Robotics

Conformal prediction enables safe robot navigation without uncertainty assumptions

New framework guarantees risk thresholds even with unknown data distributions

Deep Dive

Safe navigation in dynamic environments typically requires accurate knowledge of uncertainty distributions—a challenging requirement given limited data or imperfect information. To overcome this, researchers Junsik Eom and Tulga Ersal introduce a distribution-free risk-aware model predictive control (RA-MPC) framework. It leverages conformal spectral risk control, an extension of conformal risk control, to produce prediction sets that guarantee spectral risk constraints are satisfied regardless of the true uncertainty distribution. The framework allows users to specify a risk threshold, and the control system statistically ensures compliance even under uncertainty misspecification.

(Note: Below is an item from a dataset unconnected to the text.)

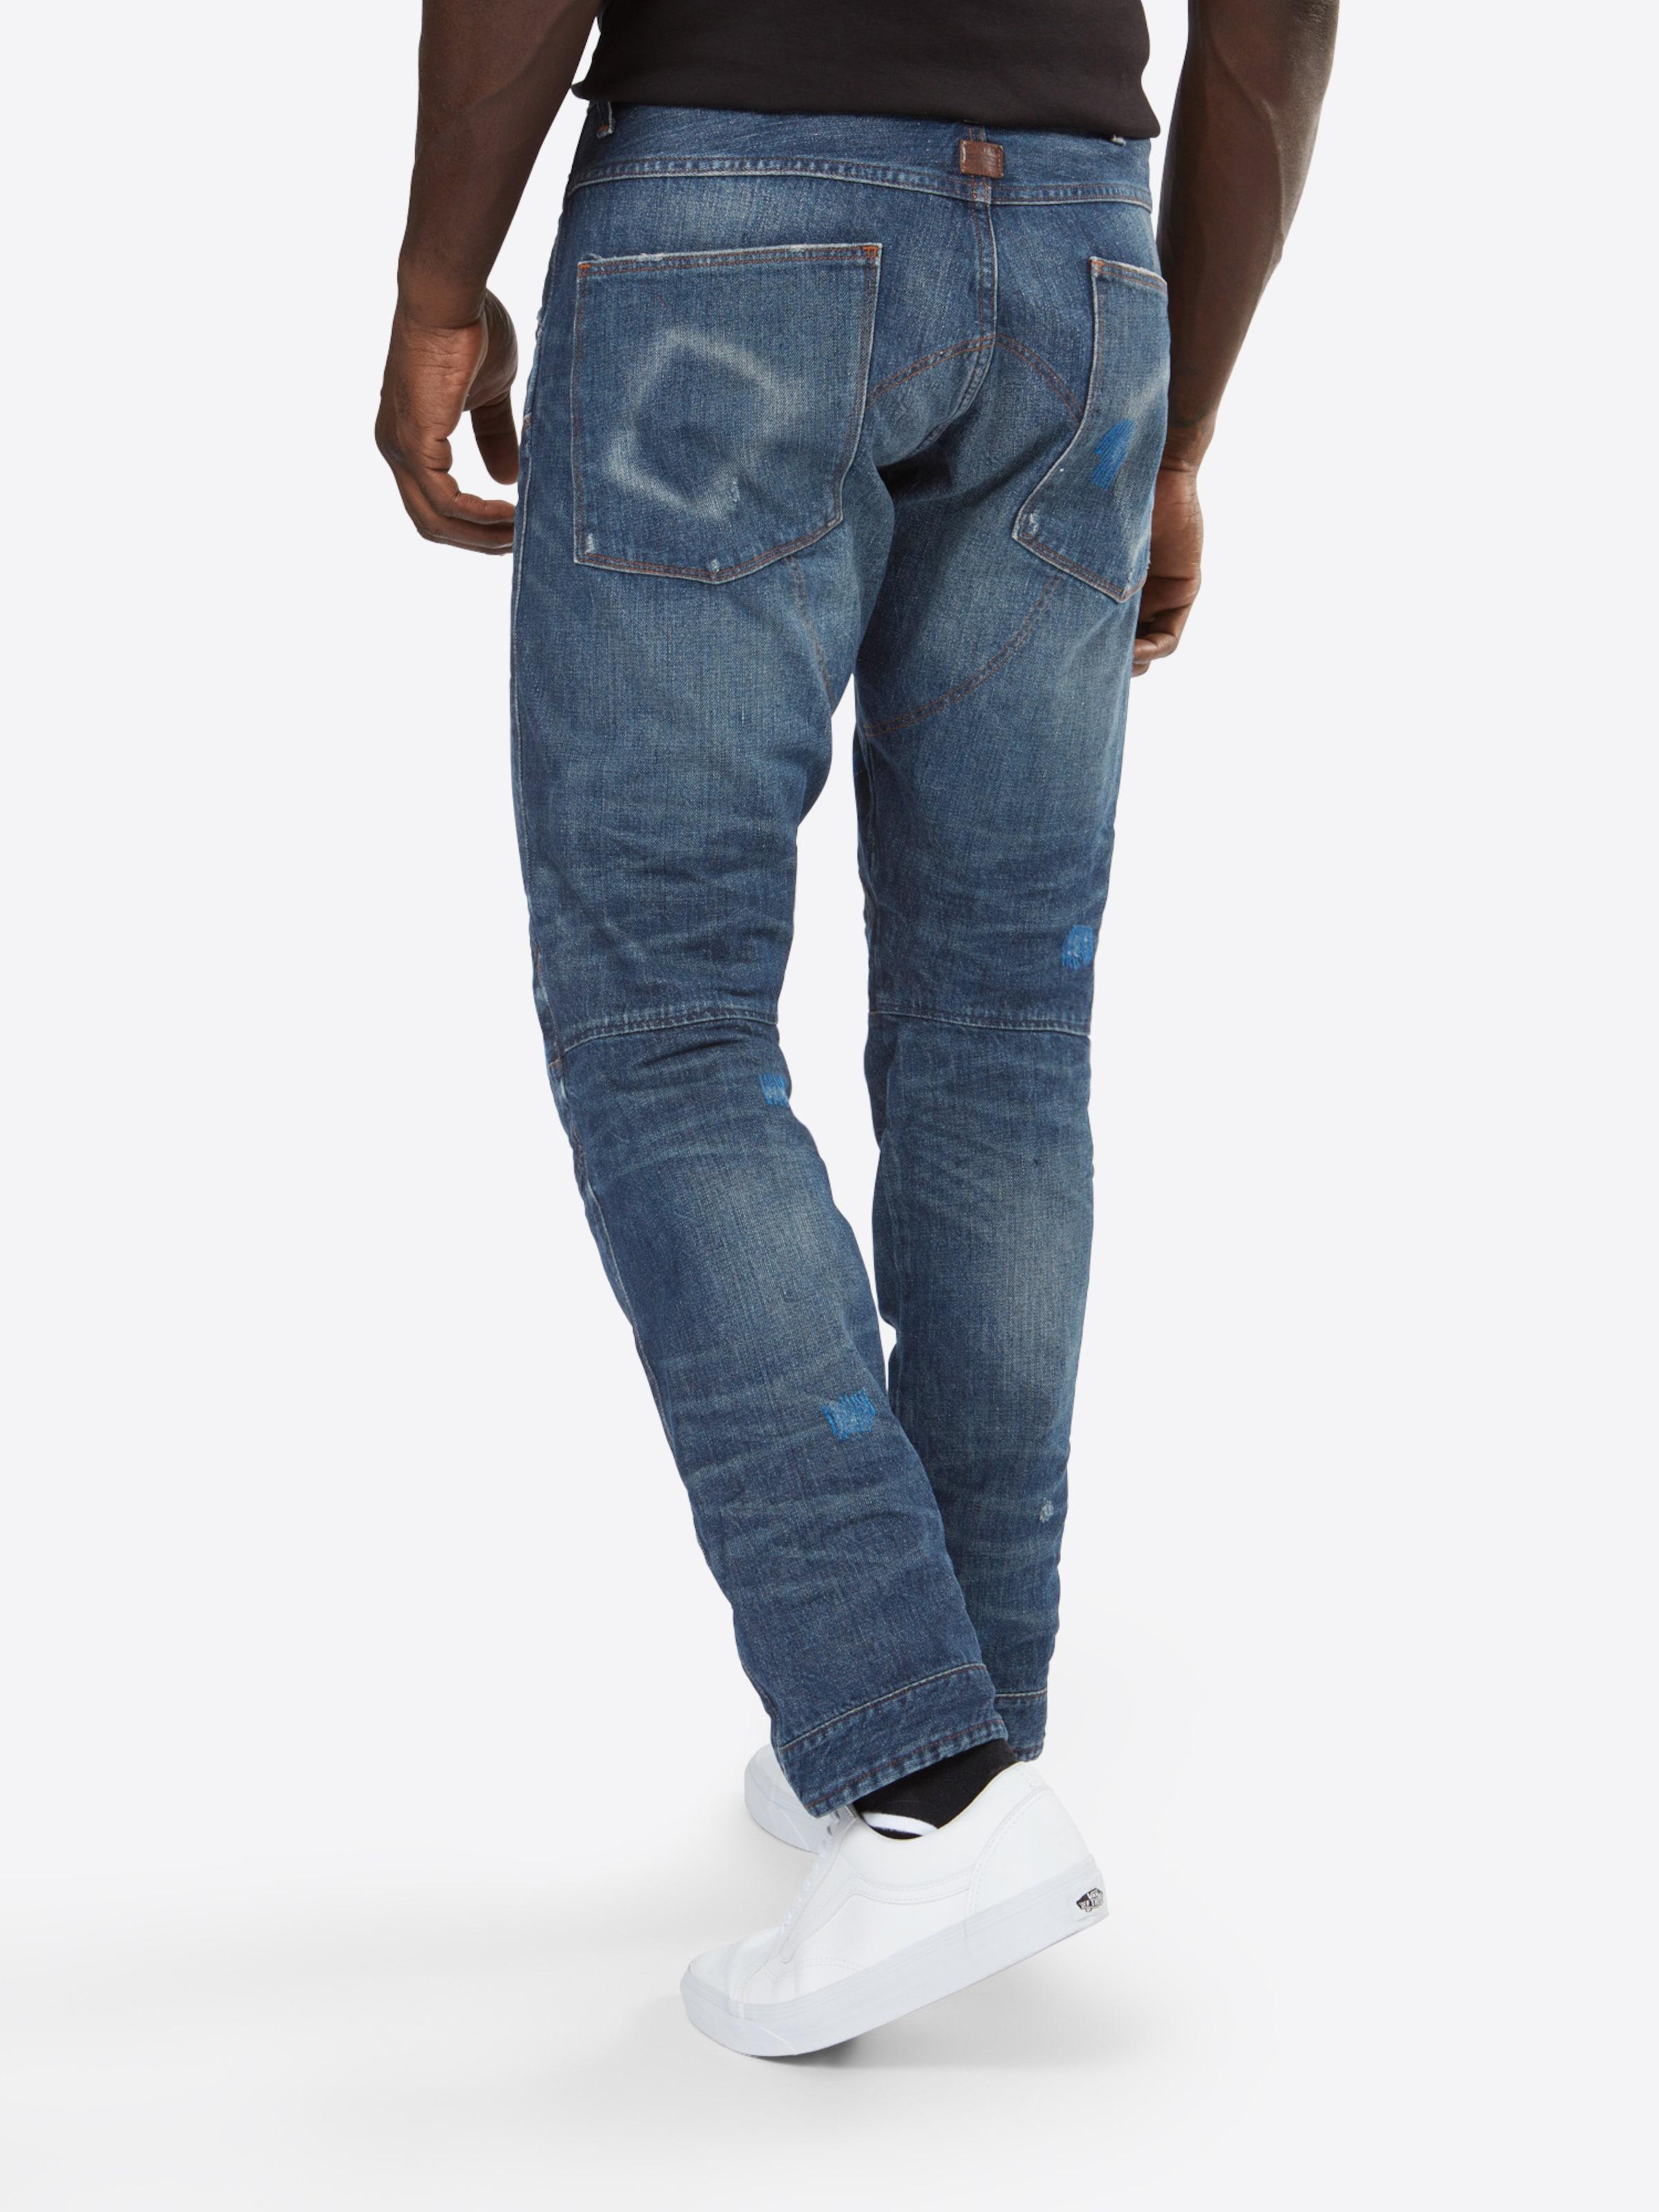 Insbesondere Rabatt G-STAR RAW Jeans '5620 3D Tapered' Schlussverkauf Verkauf Outlet-Store HhNMIr4
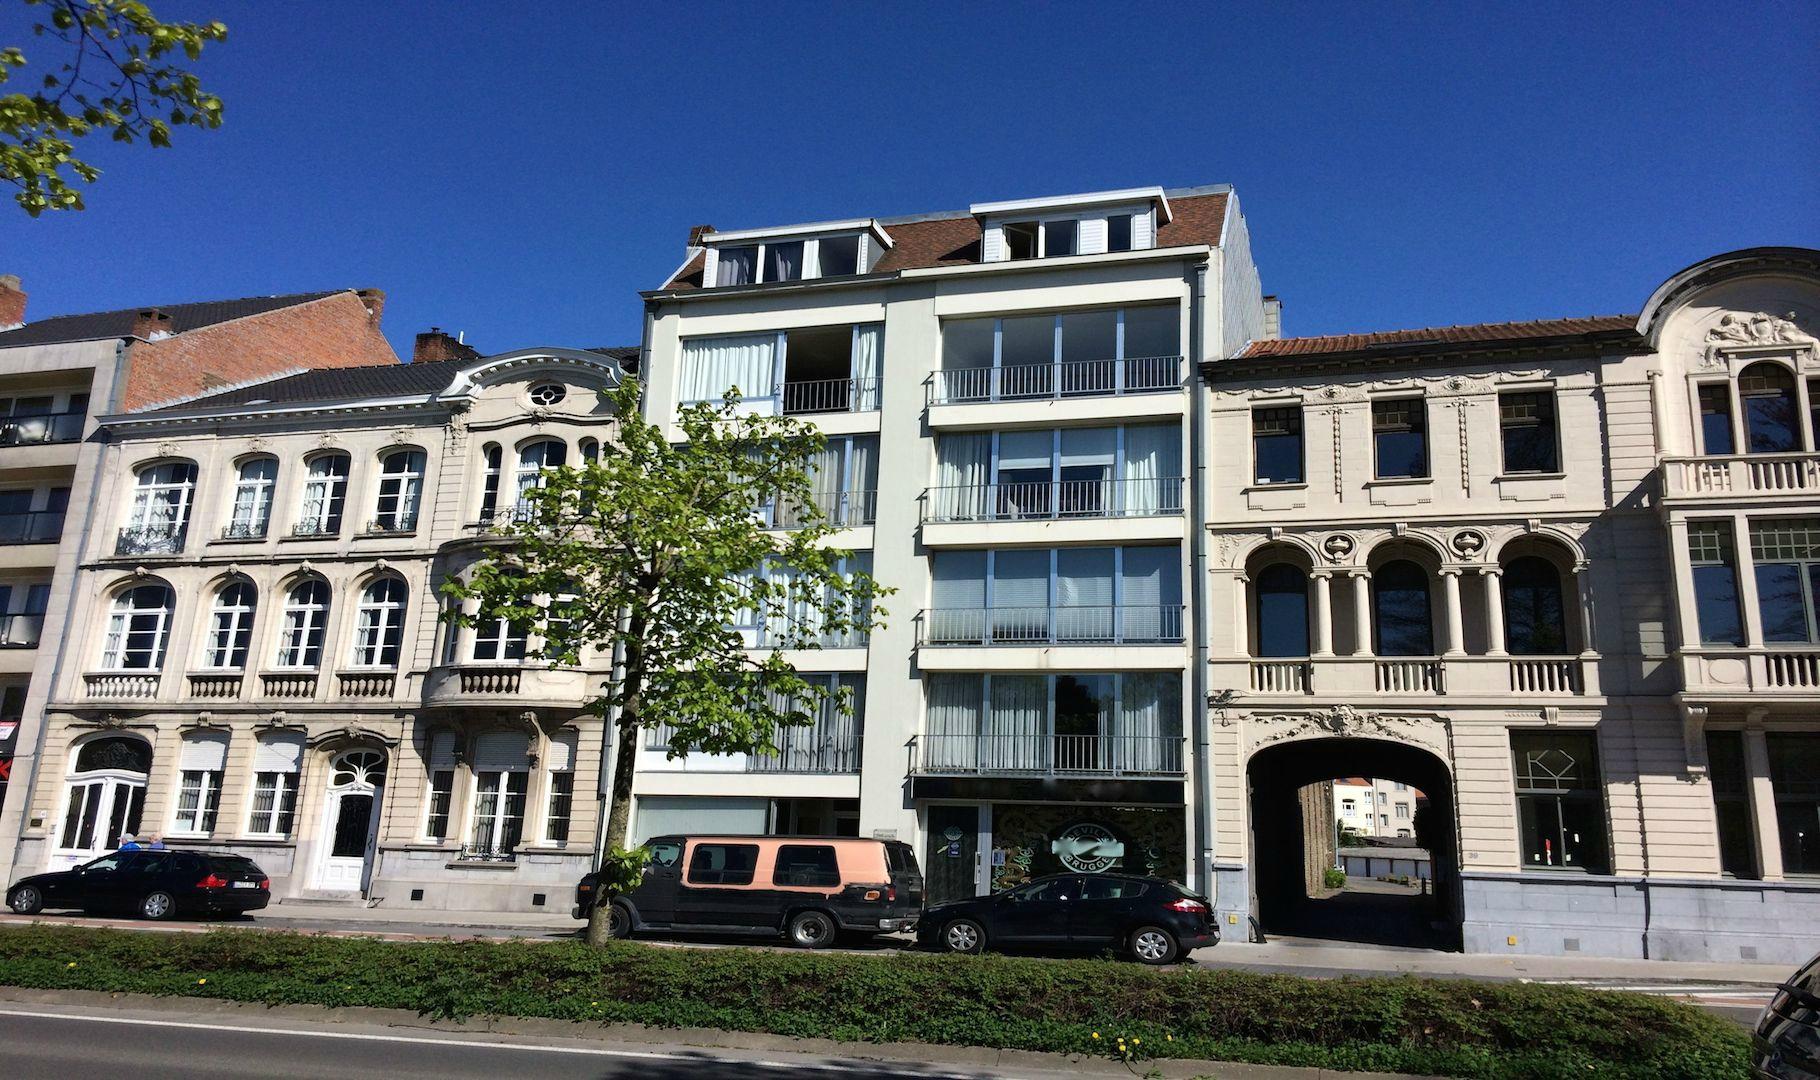 Knap gerestyled 2 slaapkamer APPARTEMENT met zonnig terras – Zicht op 't Stil Ende en alle Brugse torens +50€ Algemene Kosten +30€ water

In simulated vehicle obstacle avoidance tests, the proposed framework outperformed baseline RA-MPC by improving safety margins and reducing computational solve time. This advance is particularly relevant for autonomous systems operating in real-world settings where uncertainty is complex and poorly characterized. By removing the need for distributional assumptions, the method enables more reliable decision-making in robotics, autonomous driving, and other safety-critical applications. The work has been submitted to IEEE Robotics and Automation Letters.

Key Points
  • Framework uses conformal spectral risk control to generate prediction sets without distribution assumptions
  • Empirically validated in vehicle obstacle avoidance, showing improved safety and reduced solve time
  • Guarantees spectral risk constraint satisfaction even when uncertainty model is misspecified

Why It Matters

Enables safer autonomous navigation in real-world environments where uncertainty is unpredictable and data is limited.